Dios, cómo te eché en falta cuando estuve a merced de los burócratas.


Cuando la indiada se sublevó contra mi gente, apenas hubo inquirido ésta
por el lugar donde se encontraba el oro.
Y cuando mi gente se volvió contra mi propia autoridad, una vez que hubimos
localizado esos yacimientos.

Hipócritas quienes te adoran y se protegen en el secreto bancario.


Hombre de honor, dejé de creer en ti apenas recibí mi patente de corso.
Ni menos cruel, ni menos pornógrafo que aquellos que se disfrazan para
servirte y hacen su salario con la limosna de la plebe.

Cuánto bien me hubiera hecho creer en ti, entonces.
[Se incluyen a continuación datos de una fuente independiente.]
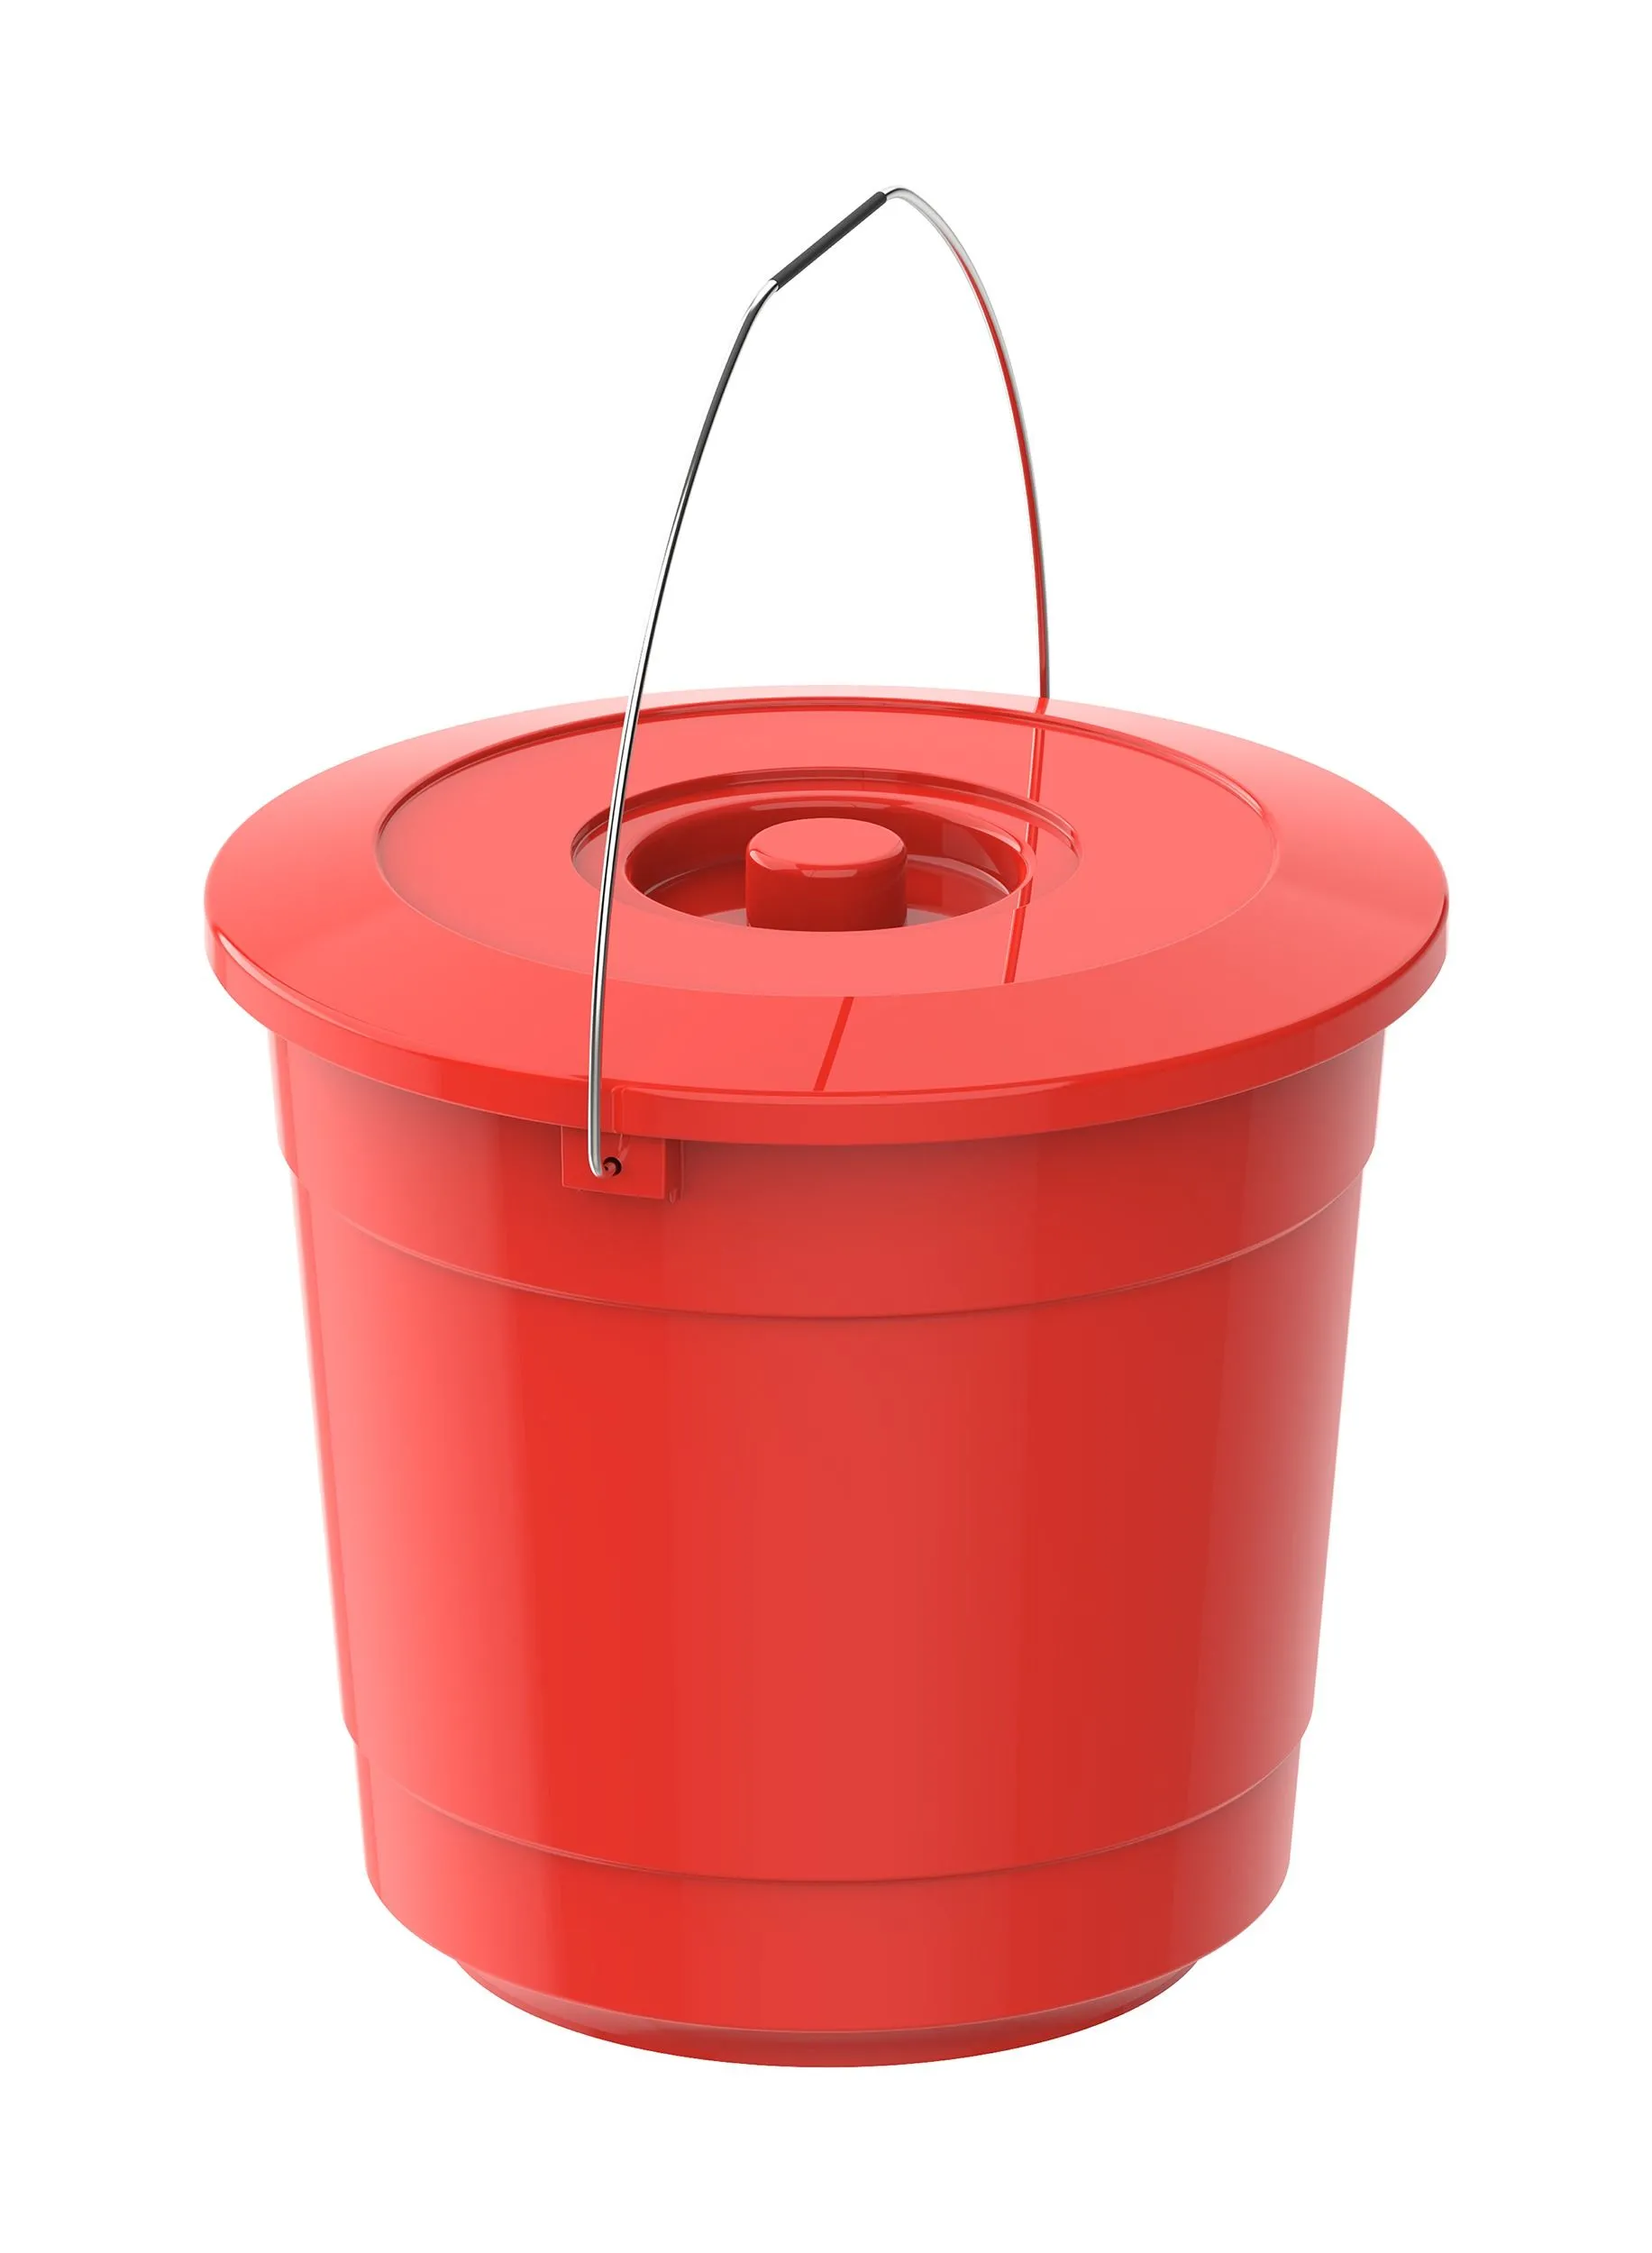 Cosmoplast EX 15L Round Plastic Bucket with Steel Handle
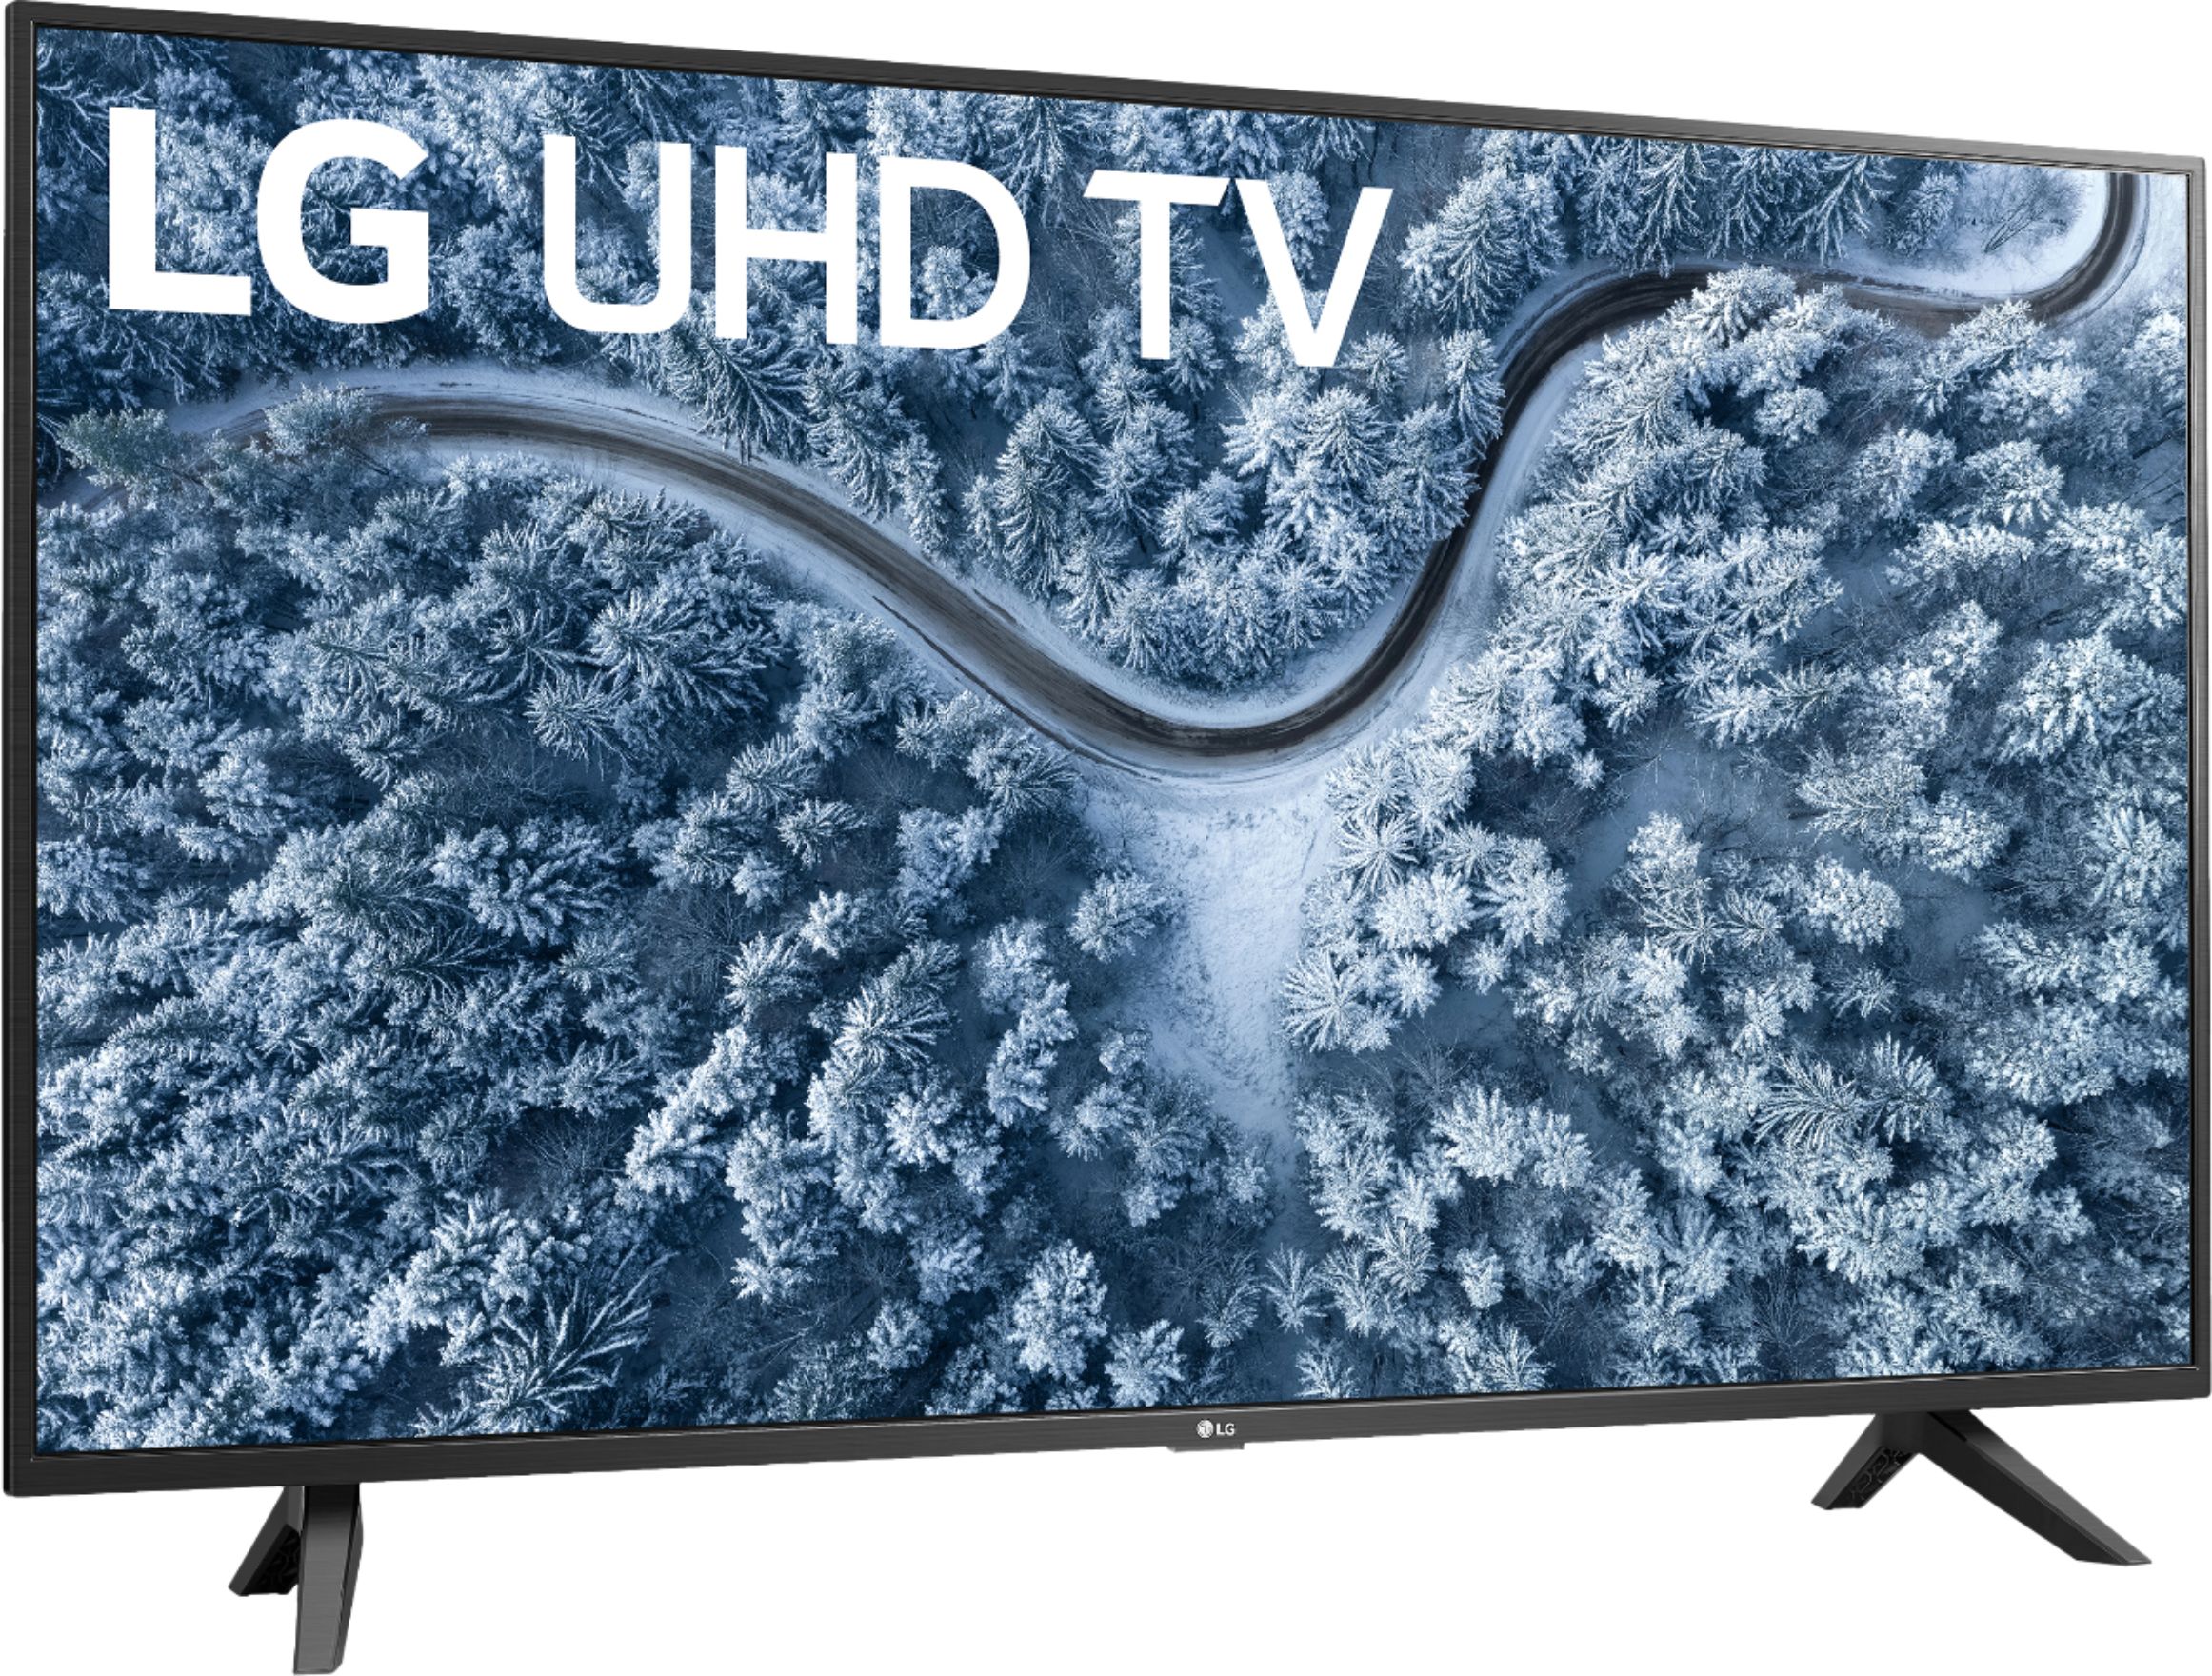 Angle View: LG - 55” Class UP7000 Series LED 4K UHD Smart webOS TV

Pero al cuantificar los metros de cinta tricolor que han cortado tus
lugartenientes en las nuevas recaudadoras y los litros de agua bendita arrojados
sobre las máquinas que calculan los intereses, el ánimo se me viene al suelo y
apenas me alcanza para hacerte señas con la mano, antes de volver, rápido, la
vista a mis negocios.


BERNARDITA HURTADO LOW

Y París era solo un nombre

Bajo el aguacero, solo tus pasos resuenan entre la hojarasca andada y desandada
por otros y reconoces el río, los cafés y las calles que te han mostrado los libros,
pero la torre Eiffel es una feria donde los musulmanes, rumanos y morenos de
Camerún te persiguen con la venta de recuerdos y no sabes cómo, pero ya estás
repartiendo euros a cambio de chatarra, adornada con una boina y un foulard, que
crees te dan aires de francesa.

Río

Margarita vive a este lado del río Encuentro y en su escuela hay una bandera de
tres colores con una estrella tan blanca como la flor de nieve. Facundo vive al otro
lado del río, y en su escuela hay una bandera que tiene dos colores y un sol
grande y amarillo como un girasol.
Cada tarde, Facundo lleva sus ovejas al río y Margarita baja por la ladera con
su vaca Mariposa que a esa hora siempre tiene sed.
A veces, se suben al puente y él lleva frutos de maqui y calafate; Margarita
va entonces, con flores de chilco en el cabello, y dice que es una princesa
mapuche mientras cuenta leyendas de su pueblo y los bosques australes.
Facundo promete que un día le regalará una capa de piel de guanaco, porque
será cazador como su abuelo tehuelche.
Antes que oscurezca, cada uno regresa a su lado del río, entonces sienten
que para los dos sopla el mismo puelche que hace remolinos cambiando semillas
en las huertas, y son las mismas bandurrias que van y vienen, y que para todos en
esta Patagonia hay una misma luna que ya sube como un pan blanco por el cielo.